TASK ITEM |
Below are some records. Return exactly their lines from the one containing "Let this Ram" through the one containing "Solutions for Affordable", and drop the pictures.

MATERIAL SHOWN |
━━━━
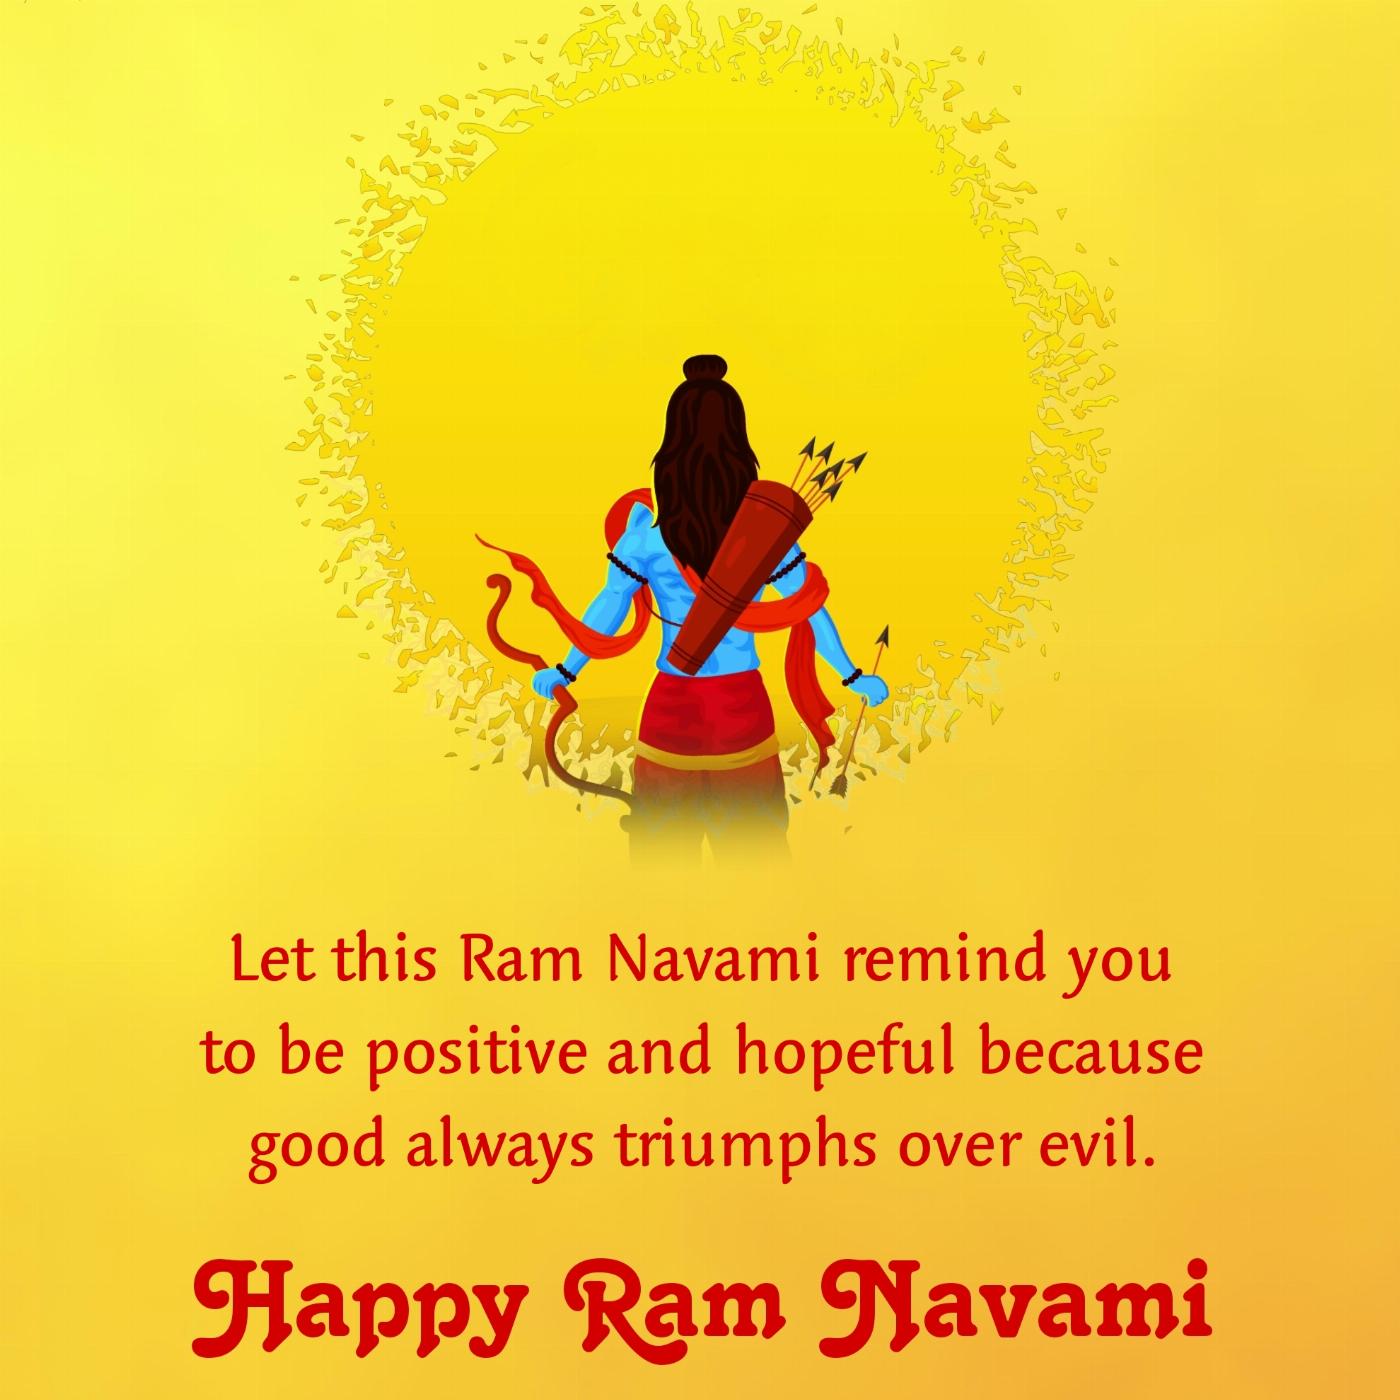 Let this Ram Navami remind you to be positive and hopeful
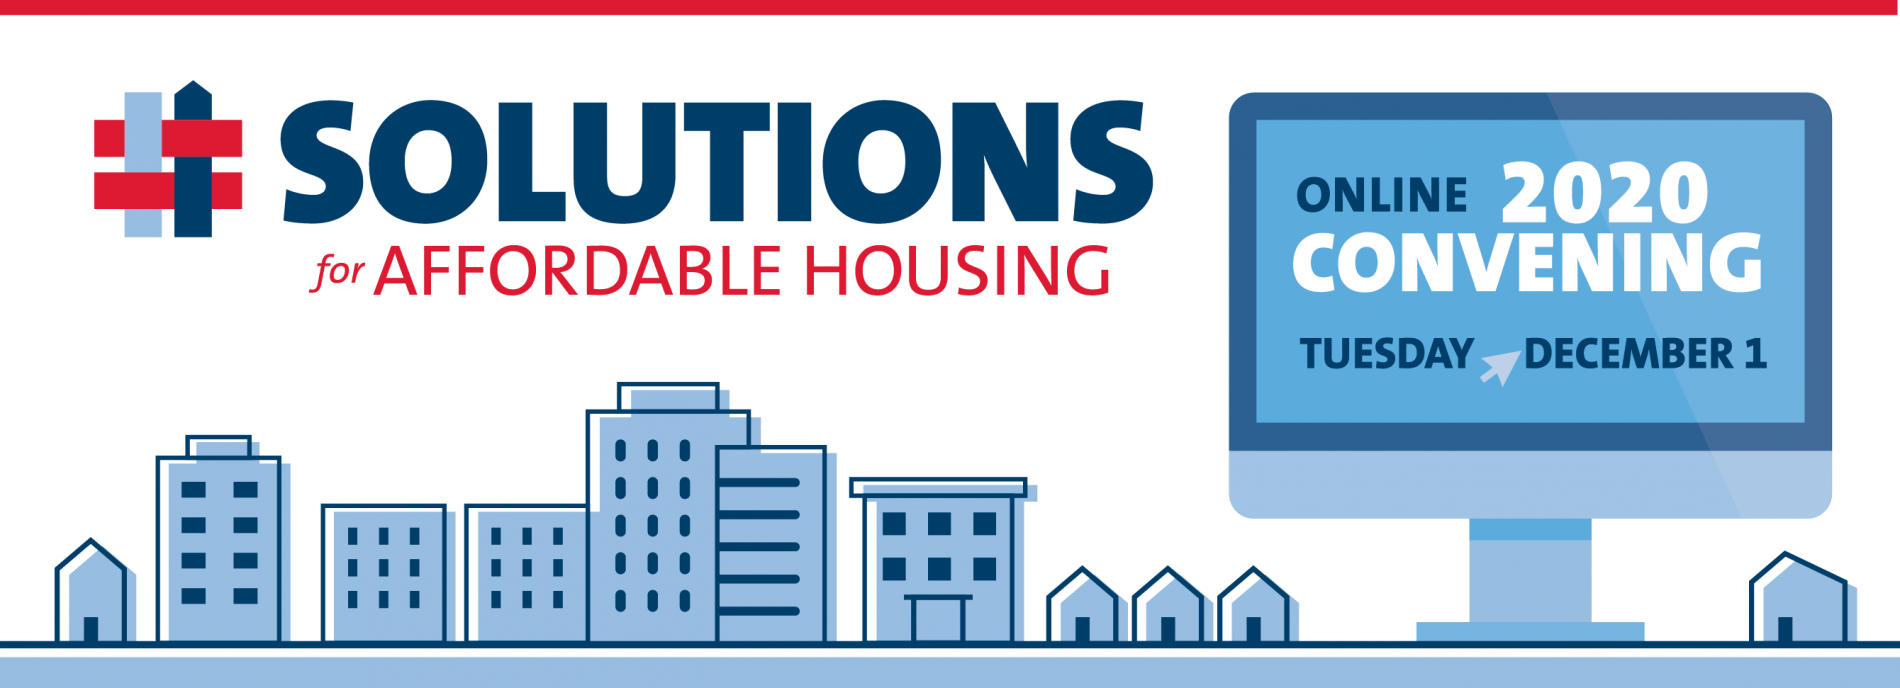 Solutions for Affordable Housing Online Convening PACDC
━━━━
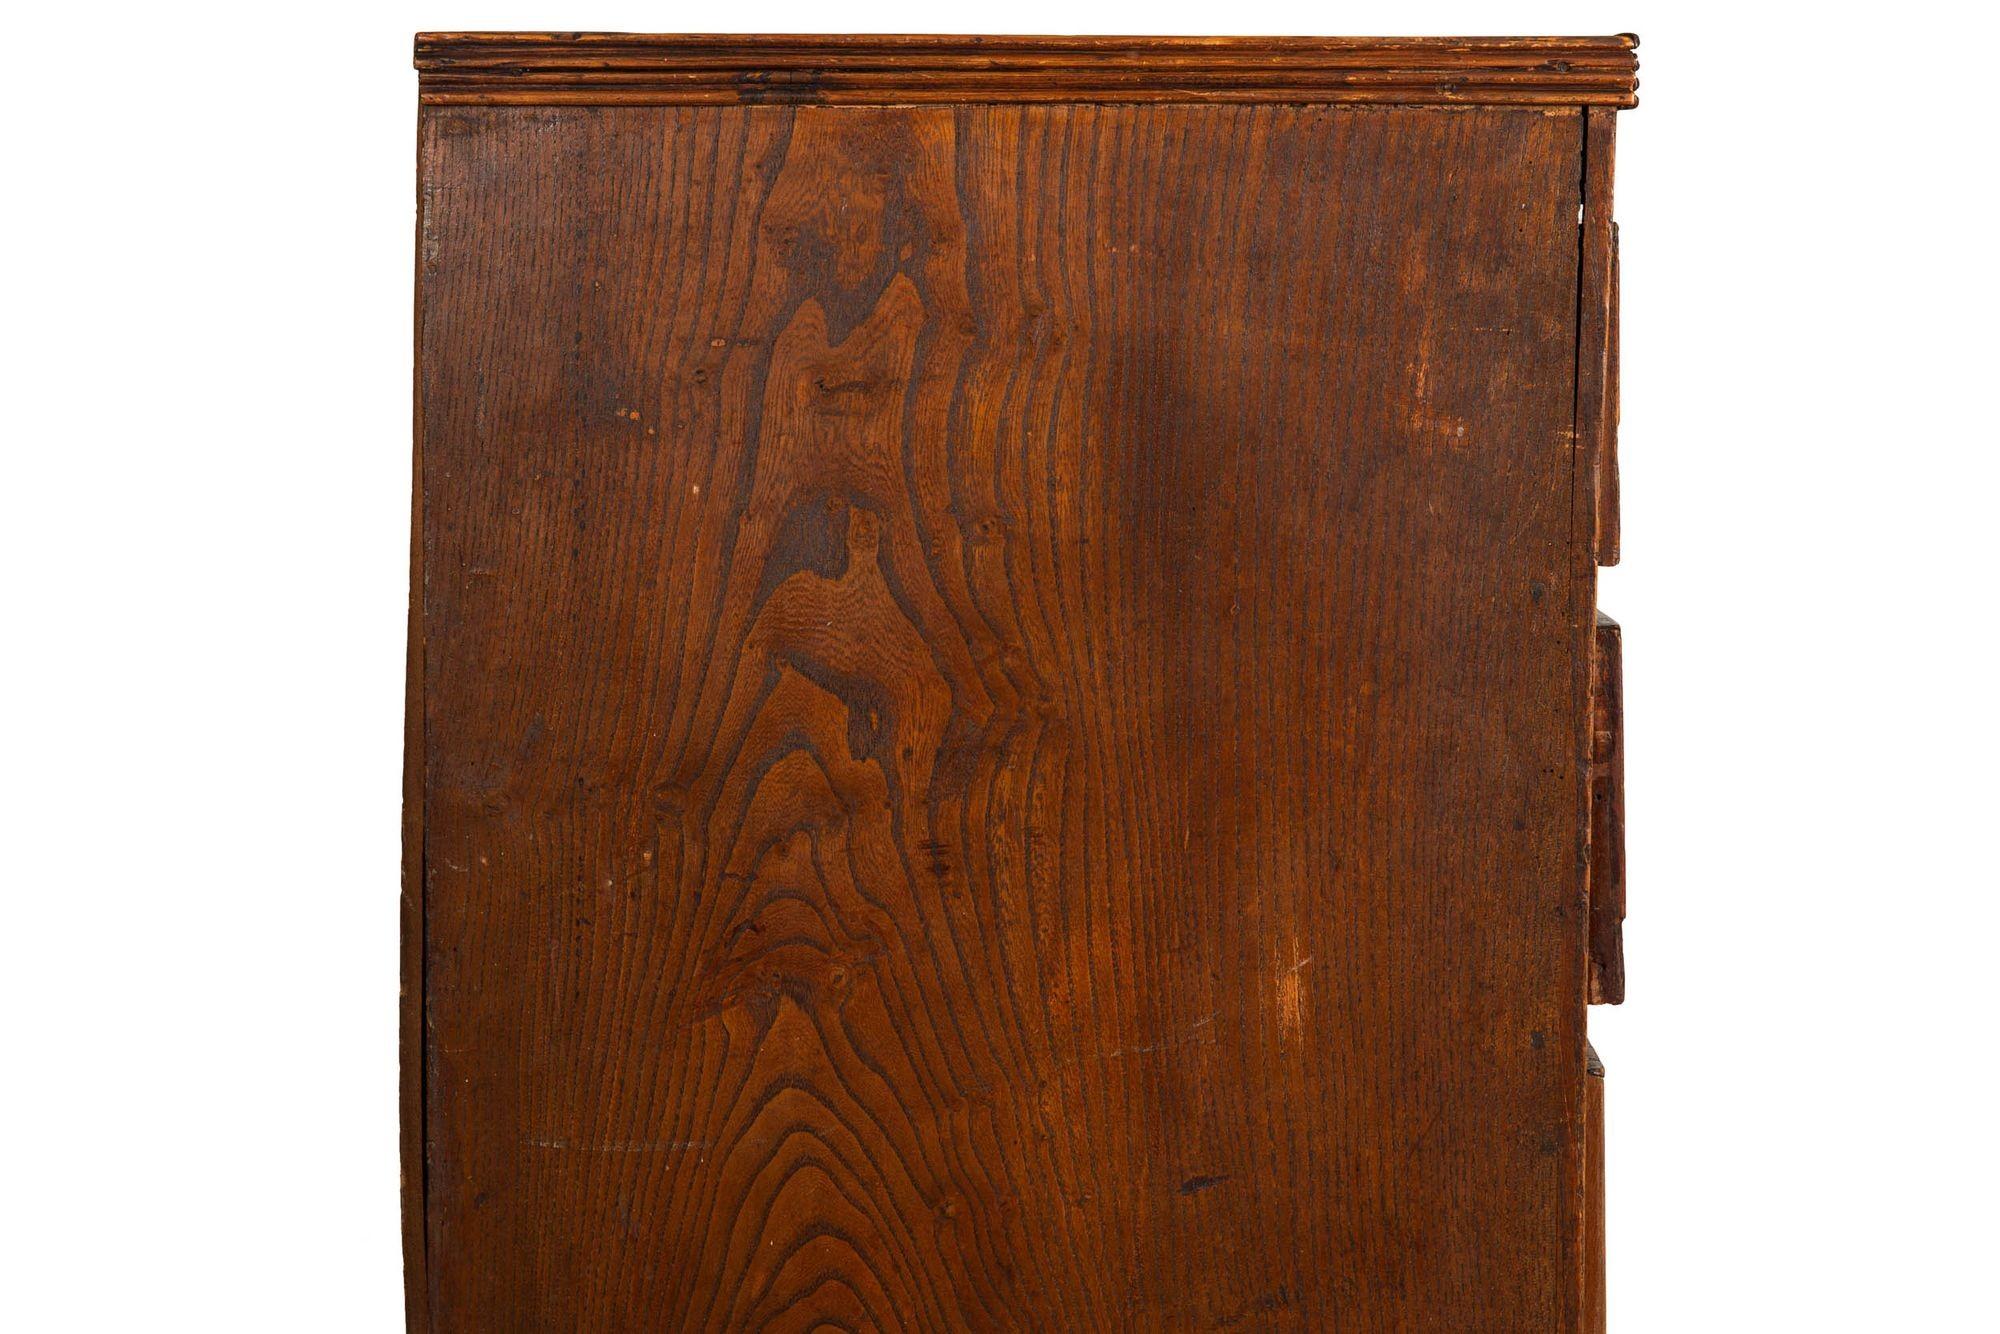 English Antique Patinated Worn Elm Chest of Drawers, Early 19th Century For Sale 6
━━━━
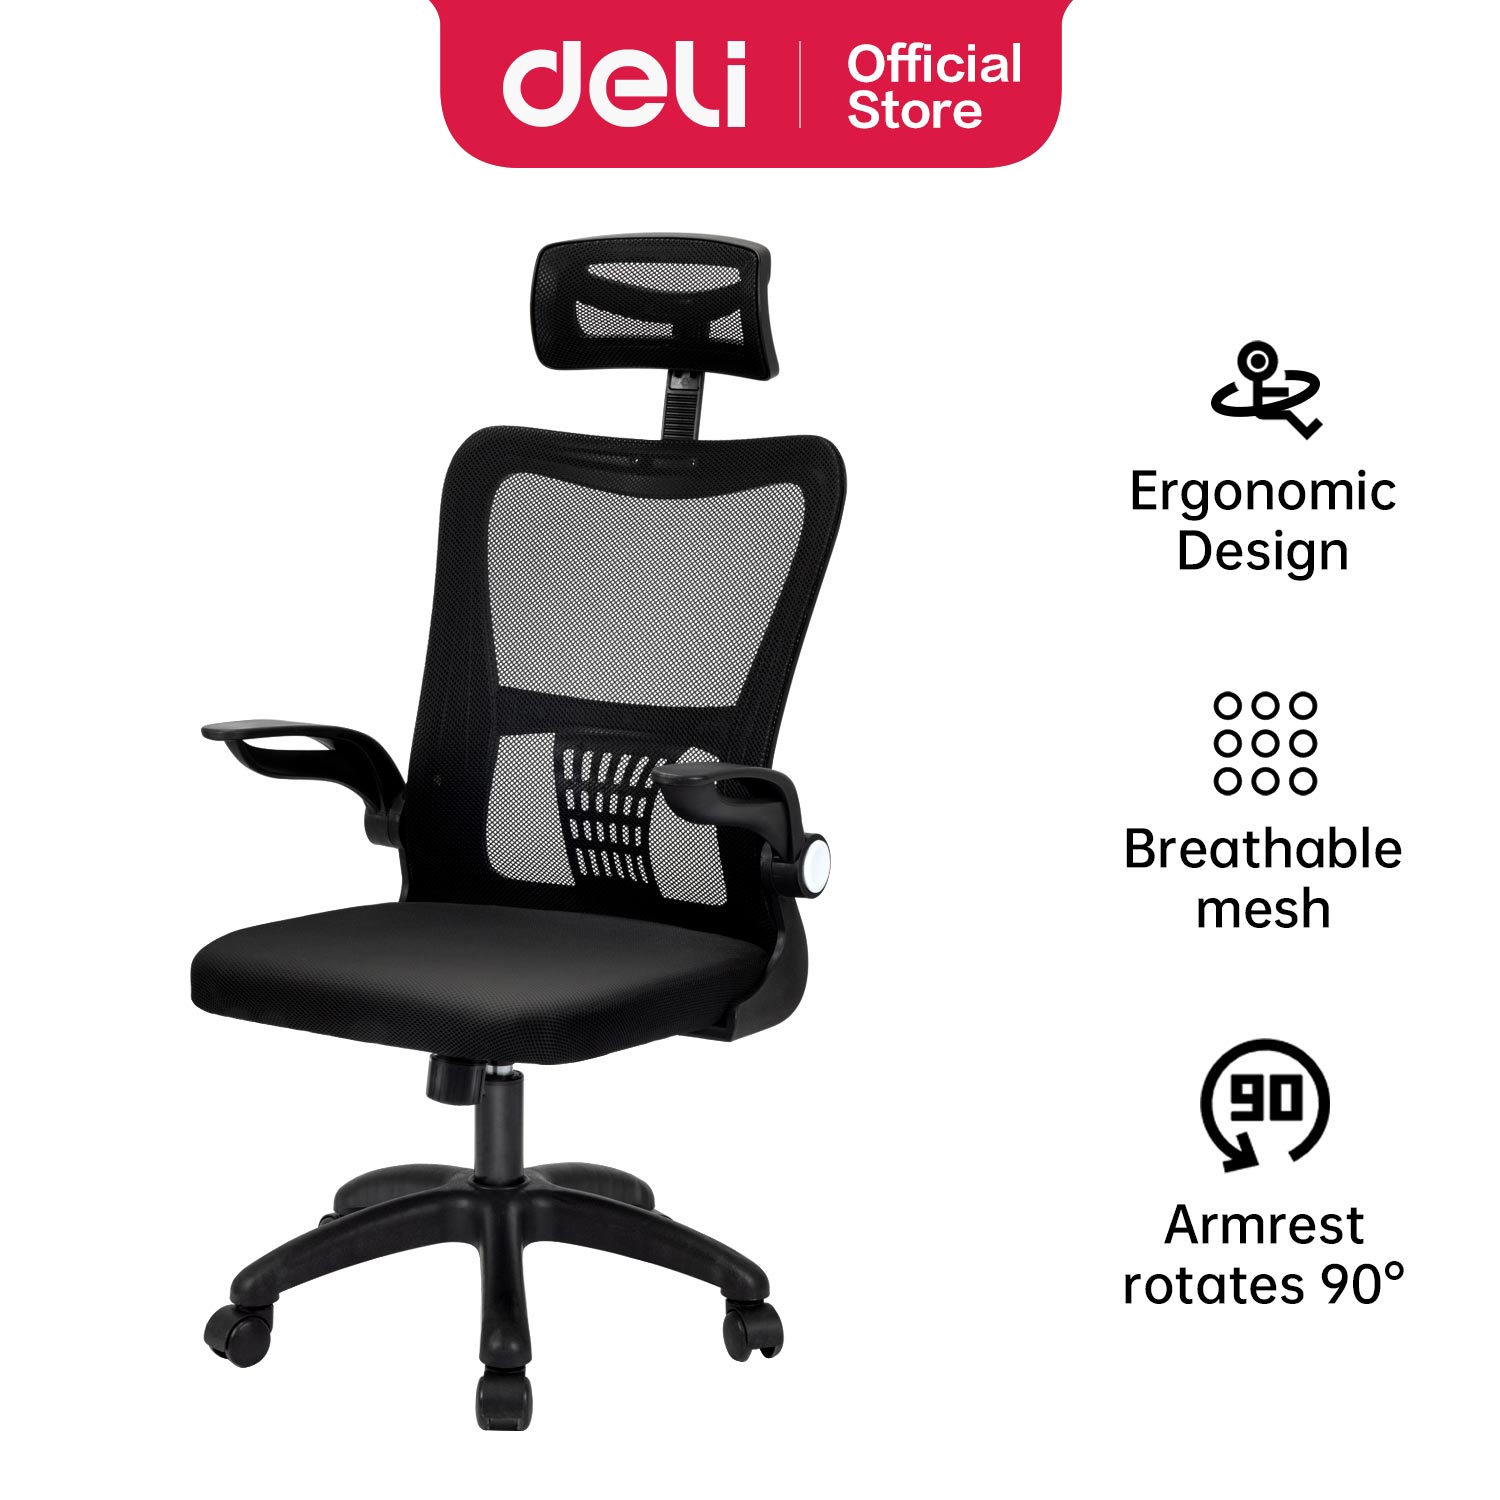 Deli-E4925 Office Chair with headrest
━━━━
ANSWER BELOW |
 Let this Ram Navami remind you to be positive and hopeful
 Solutions for Affordable Housing Online Convening PACDC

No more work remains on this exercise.